Re: srcu: BUG in __synchronize_srcu
From: Paul E. McKenney
Date: Sat Mar 11 2017 - 15:06:28 EST
On Sat, Mar 11, 2017 at 02:25:14PM +0000, Mathieu Desnoyers wrote:
> ----- On Mar 10, 2017, at 5:26 PM, Paul E. McKenney paulmck@xxxxxxxxxxxxxxxxxx wrote:
>
> > On Fri, Mar 10, 2017 at 08:29:55PM +0100, Andrey Konovalov wrote:
> >> On Fri, Mar 10, 2017 at 8:28 PM, Andrey Konovalov <andreyknvl@xxxxxxxxxx> wrote:
> >> > Hi,
> >> >
> >> > I've got the following error report while fuzzing the kernel with
> >> > syzkaller on an arm64 board.
> >>
> >> This also happened on x86 a few times during fuzzing, however it
> >> wasn't reproducible.
> >>
> >> >
> >> > On linux-next commit 56b8bad5e066c23e8fa273ef5fba50bd3da2ace8 (Mar 8).
> >> >
> >> > A reproducer and .config are attached.
> >> >
> >> > The bug happens while executing the following syzkaller program in a loop.
> >> > While it looks kvm-related, it might be that kvm just stresses the
> >> > srcu subsystem.
> >> >
> >> > mmap(&(0x7f0000000000/0xfff000)=nil, (0xfff000), 0x3, 0x32,
> >> > 0xffffffffffffffff, 0x0)
> >> > r0 = openat$kvm(0xffffffffffffff9c,
> >> > &(0x7f0000a05000)="2f6465762f6b766d00", 0x0, 0x0)

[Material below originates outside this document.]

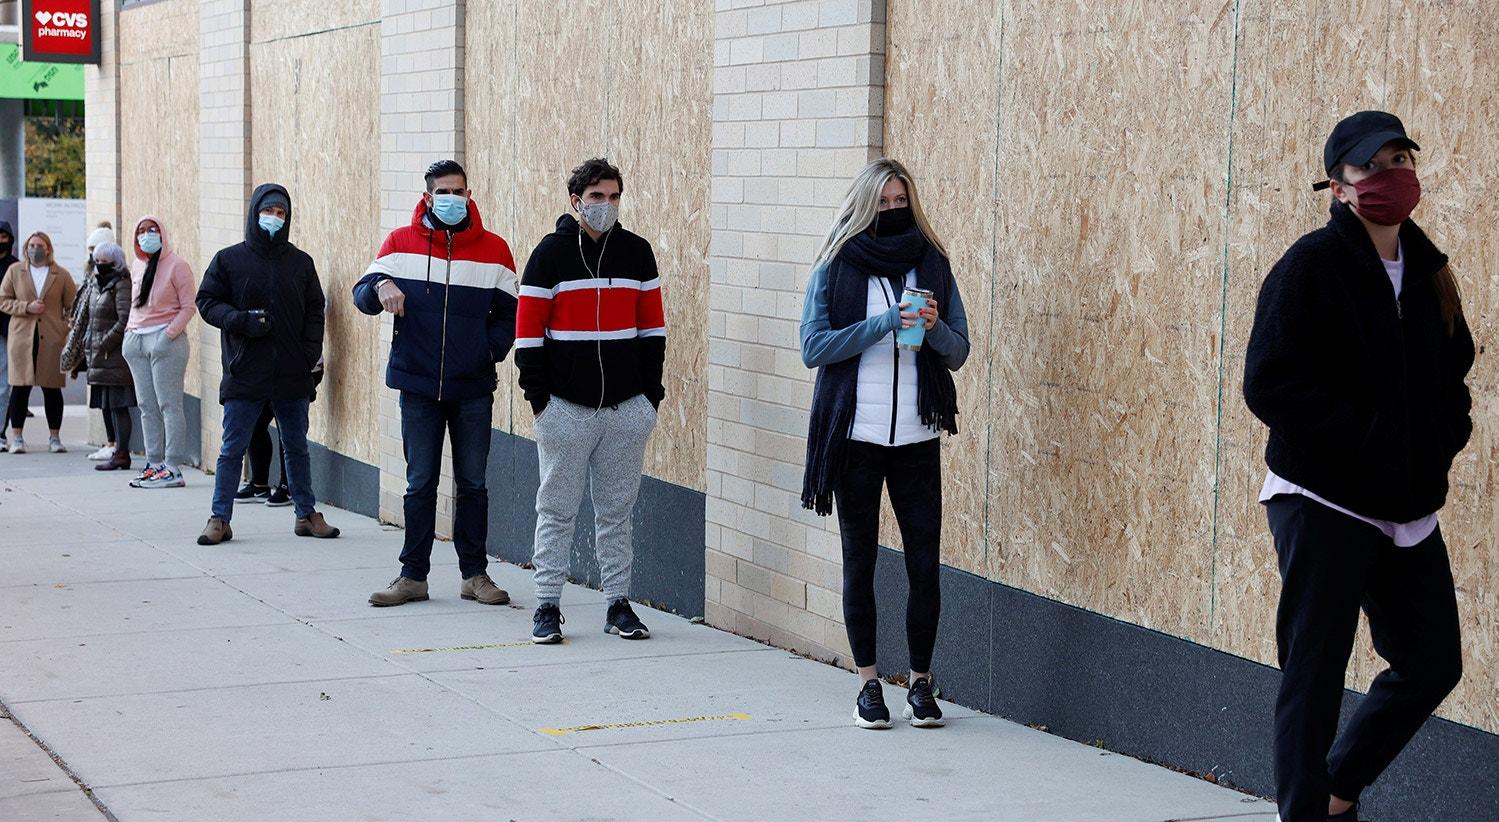 Os eleitores aguardam para votar numa fila com distância de segurança entre eles na Filadélfia, Pensilvânia | REUTERS/Rachel Wisniewski

> >> > ioctl$KVM_CREATE_VM(r0, 0xae01, 0x0)
> >> >
> >> > ------------[ cut here ]------------
> >> > kernel BUG at kernel/rcu/srcu.c:436!
> >
> > This is on v4.10, correct?
>
> No, as stated above, this is on linux-next as of March 8, 2017.
>
> I'm currently looking at the diff of kernel/rcu/srcu.c between v4.10 and
> next-20170310. There are a few changes there.
OK, I must have ended up in the wrong place -- I found line 436 to be
a comment, which caused me to guess a different version.
> One of them is the introduction of the new srcu algorithm with separate
> lock vs unlock counters, which simplifies read lock/unlock by removing the
> sequence counter.
>
> Another change that directly impacts __synchronize_rcu() (near the
> BUG()) is bc138e7a "srcu: Allow mid-boot use of synchronize_srcu()".
>
> Odds are that this change introduce an unforeseen scenario that
> skips awaiting for completion later after boot than expected. It
> might be worthwhile to review it closely once more.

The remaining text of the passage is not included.